Shaker Aamer has told ITV News he is "scared" the UK security services may "do anything" to silence him since his release from Guantanamo Bay.

Mr Aamer, the UK's last detainee at the prison camp, told Julie Etchingham he felt less secure for "telling the world what happened" to him.

"I really don't want to upset anybody and don't want to start anything in this country that can jeopardise their security," he said.

"But at the same time all I'm doing is telling the truth, that's all."

Aamer: Give Blair and Bush immunity to talk about torture

Tony Blair and George Bush should be given immunity from prosecution in order for the world to learn the truth about claims the US and British were complicit in torture at Guantanamo Bay, Shaker Aamer has told ITV News.
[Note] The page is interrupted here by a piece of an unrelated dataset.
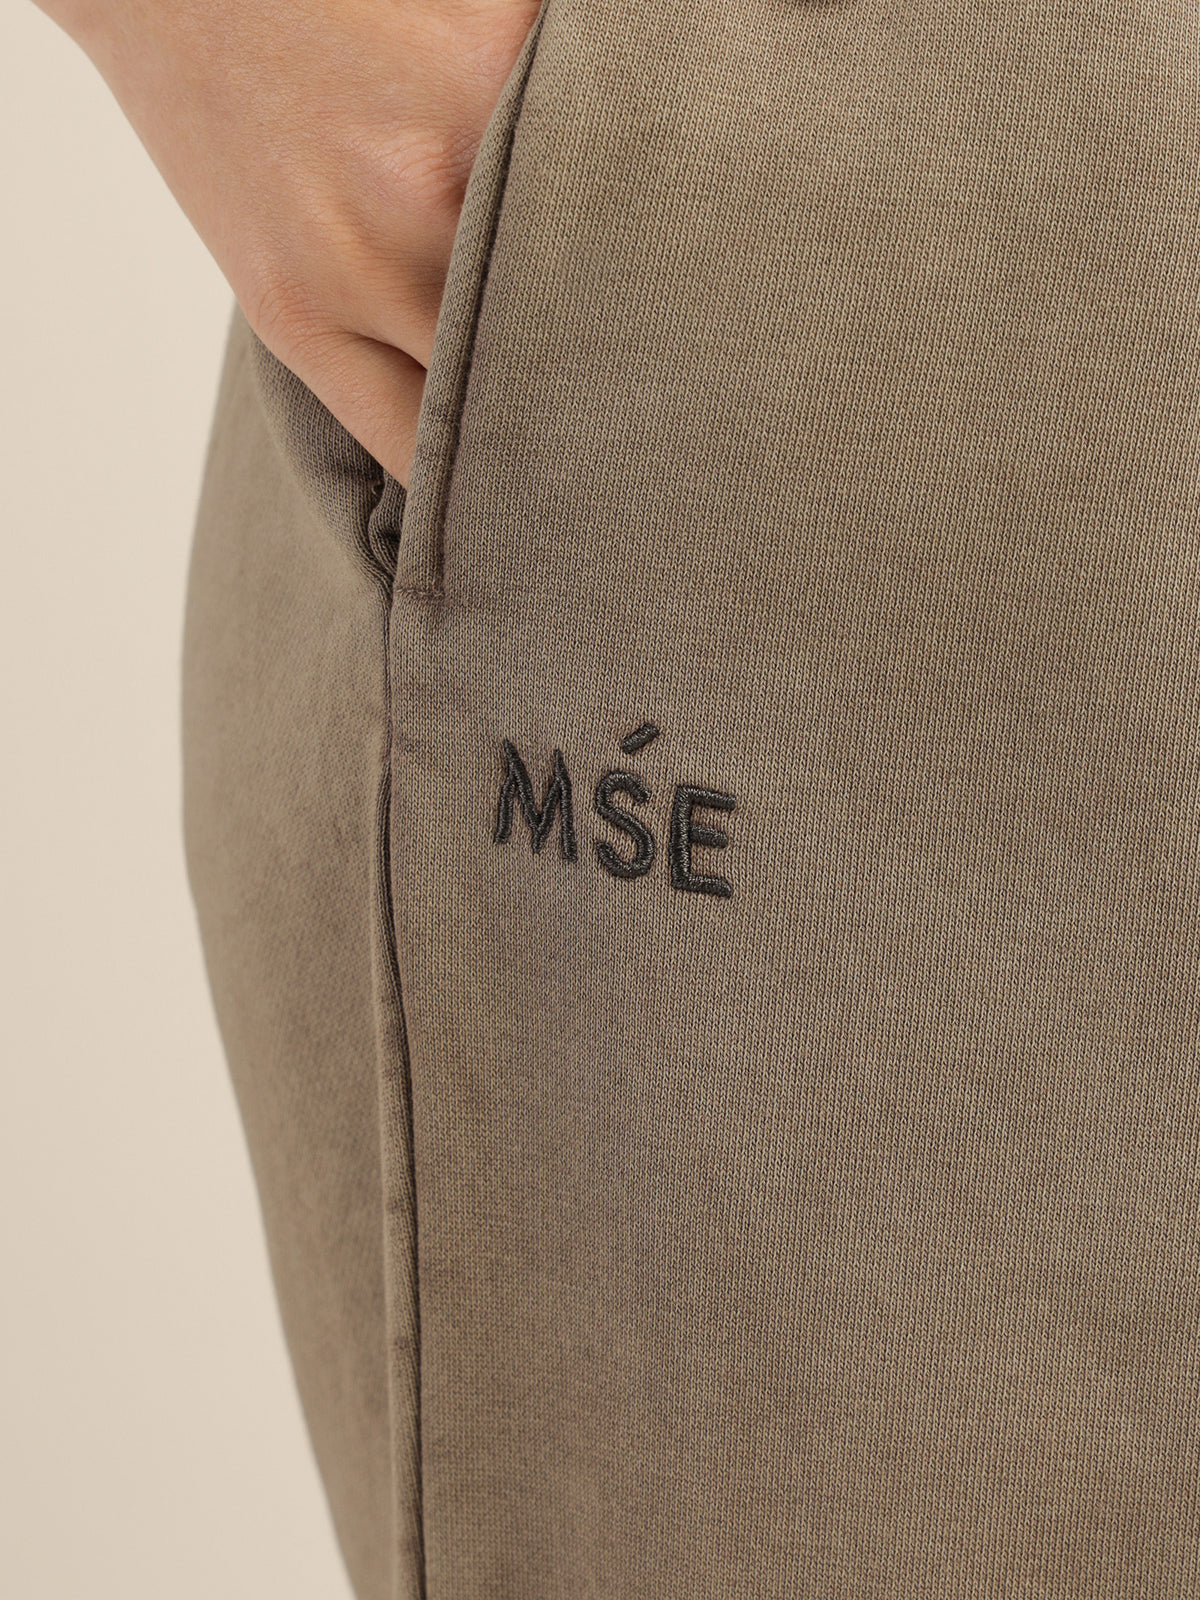 First Muse Trackpants in Peppercorn

"Accusing governments, accusing individuals is not going to give us the chance to know the truth," he told Julie Etchingham in his first TV interview since being released from the notorious prison camp.

The UK's last Guantanamo detainee said he believed the former British prime minister and US president are both "scared" of being jailed, adding: "How can you expect fear is going to bring justice and bring the truth out of these guys?"

Asked whether he expected Mr Blair would reveal more details about Guantanamo, Mr Aamer said: "If he guaranteed that he's not going to be behind bars I think he would. At least he would be more open about it."

Shaker Aamer has called on Tony Blair and George Bush to 'tell their side of the story' after he was released from Guantanamo in October. Credit: Stefan Rousseau/PA Wire

Mr Aamer, who has detained for 14 years without charge, said he believed "nobody should be prosecuted because of what happened in the past" in order to prevent it from happening in the future, saying it would not lead to justice.

A spokeswoman for Mr Blair has said he "never condoned" the use of torture.